Key findings from the baseline evaluation:

  • Test Splits (Energy/Force MAE): Models trained on the full OMol25 dataset significantly outperform models trained on the 4M subset. Conserving models (gradient of energy) generally outperform direct force prediction models. Larger models (eSEN-md vs eSEN-sm) show improved performance. Performance varies across different OOD splits, with reactivity and COD (experimental structures) being the most challenging, and OOD compositions and metal-ligand pairs having lower errors.
  • Neutral Split: On the charge-neutral, singlet subset, eSEN-sm outperforms MACE in both energy and force prediction.
  • Evaluations:
    • Ligand Strain & Conformers: Models show good performance on predicting relative energies and structures of conformers, generally within chemical accuracy (\sim43 meV).
    • Protonation: More challenging than conformers, with higher ΔE\Delta E errors (26-52 meV MAE for models on the 'All' dataset), but structures are reasonably well-predicted (RMSD \leq 0.25).
    • IE/EA and Spin Gap: These tasks proved particularly challenging, with large ΔE\Delta E errors (264-597 meV MAE for models on the 'All' dataset) and high force errors, indicating significant limitations in current models' ability to accurately describe different charge and spin states.
    • Distance Scaling: Performance is reasonable in the short-range regime but degrades significantly in the long-range regime, especially for energy predictions, highlighting the absence of explicit long-range interaction treatment in the baseline models.
  • Wiggle150: Baseline models trained on OMol25 show errors against the CCSD(T)/CBS reference comparable to or better than highly accurate DFT functionals (like ω\omegaB97M-V) benchmarked in the original Wiggle150 paper, demonstrating strong performance on strained organic conformers.

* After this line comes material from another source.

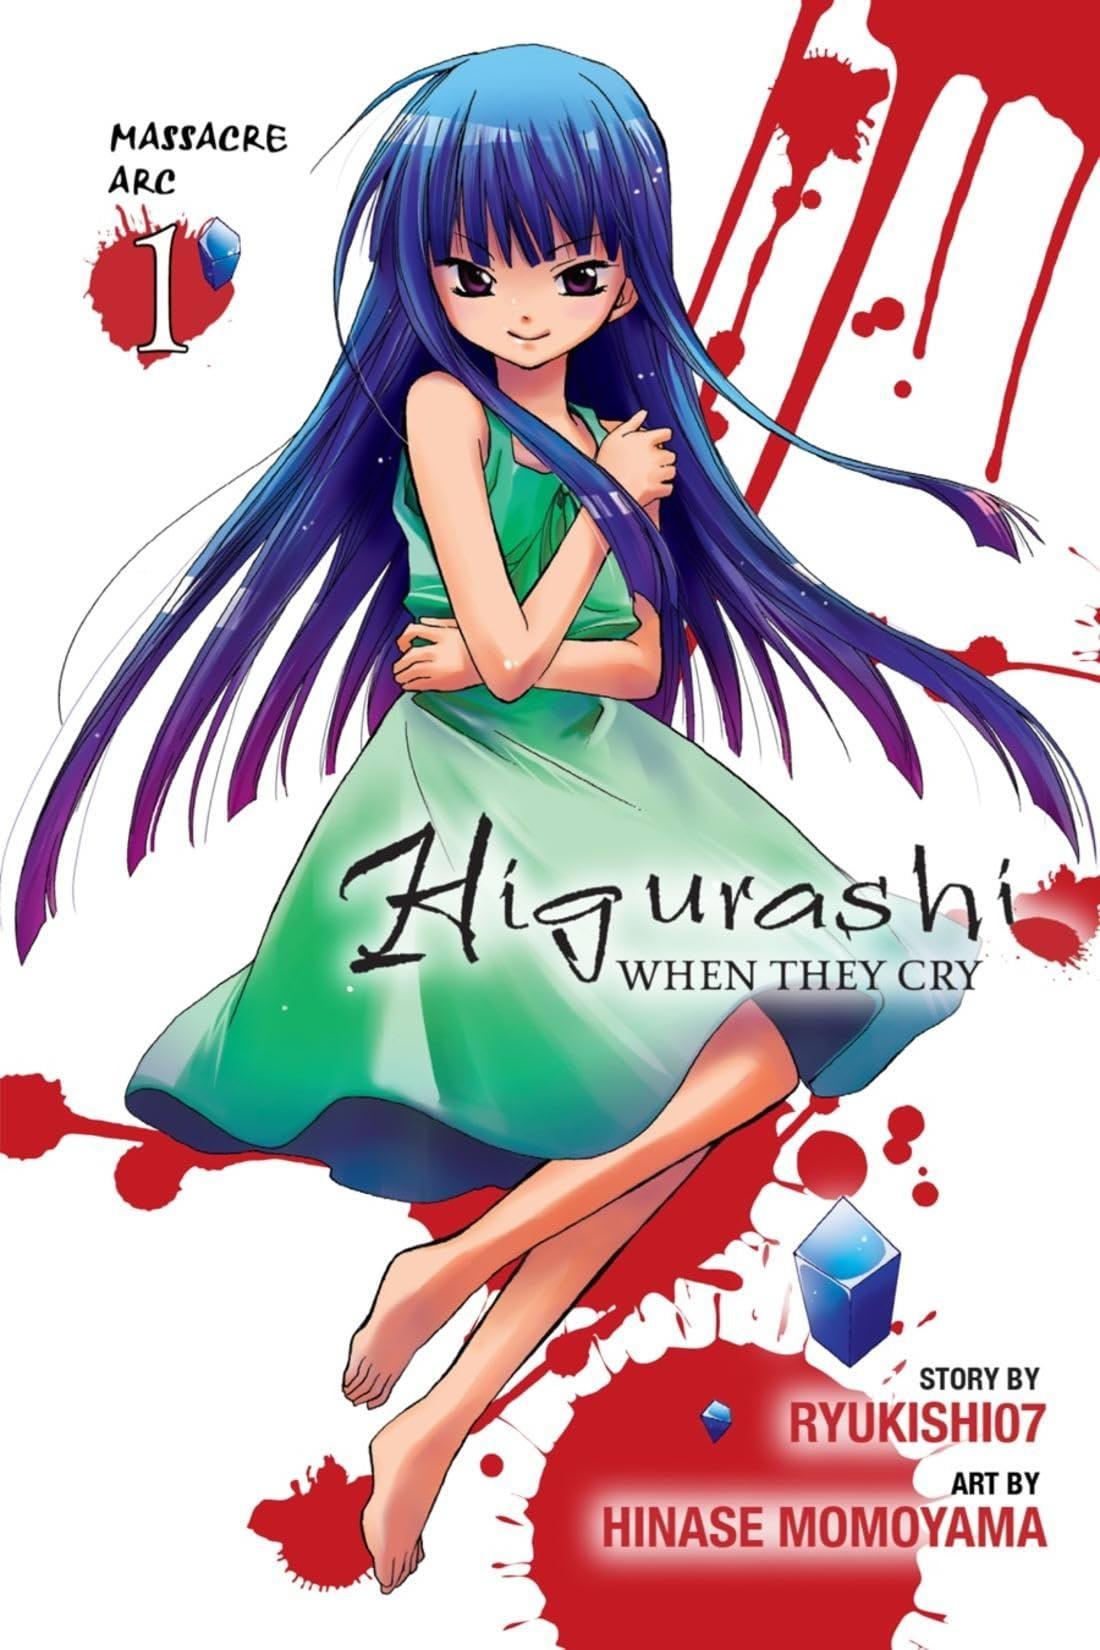 Higurashi When They Cry Vol. 1: Massacre Arc

Outlook and Future Directions

The authors acknowledge that OMol25, despite its scale and diversity, still has gaps (e.g., radioactive elements, polymers, limited coverage of specific classes). The baseline results show that while current models achieve strong performance on average energy/force prediction and some evaluation tasks, there are significant challenges remaining, particularly for predicting IE/EA, spin gaps, and long-range interactions. The dataset includes partial charge and spin data to encourage development in these areas. Future work will include releasing additional computed properties (multipole moments, densities) and developing new evaluations (free energy, reactivity path optimization, Hessians, spectroscopic properties). A public leaderboard is planned to foster community innovation.

In conclusion, OMol25 provides a massive, high-quality, and diverse dataset for training MLIPs for molecular chemistry, along with a challenging set of evaluations and baseline models. The open release of this resource aims to accelerate the development of next-generation ML models capable of achieving DFT accuracy across a broad range of chemical problems.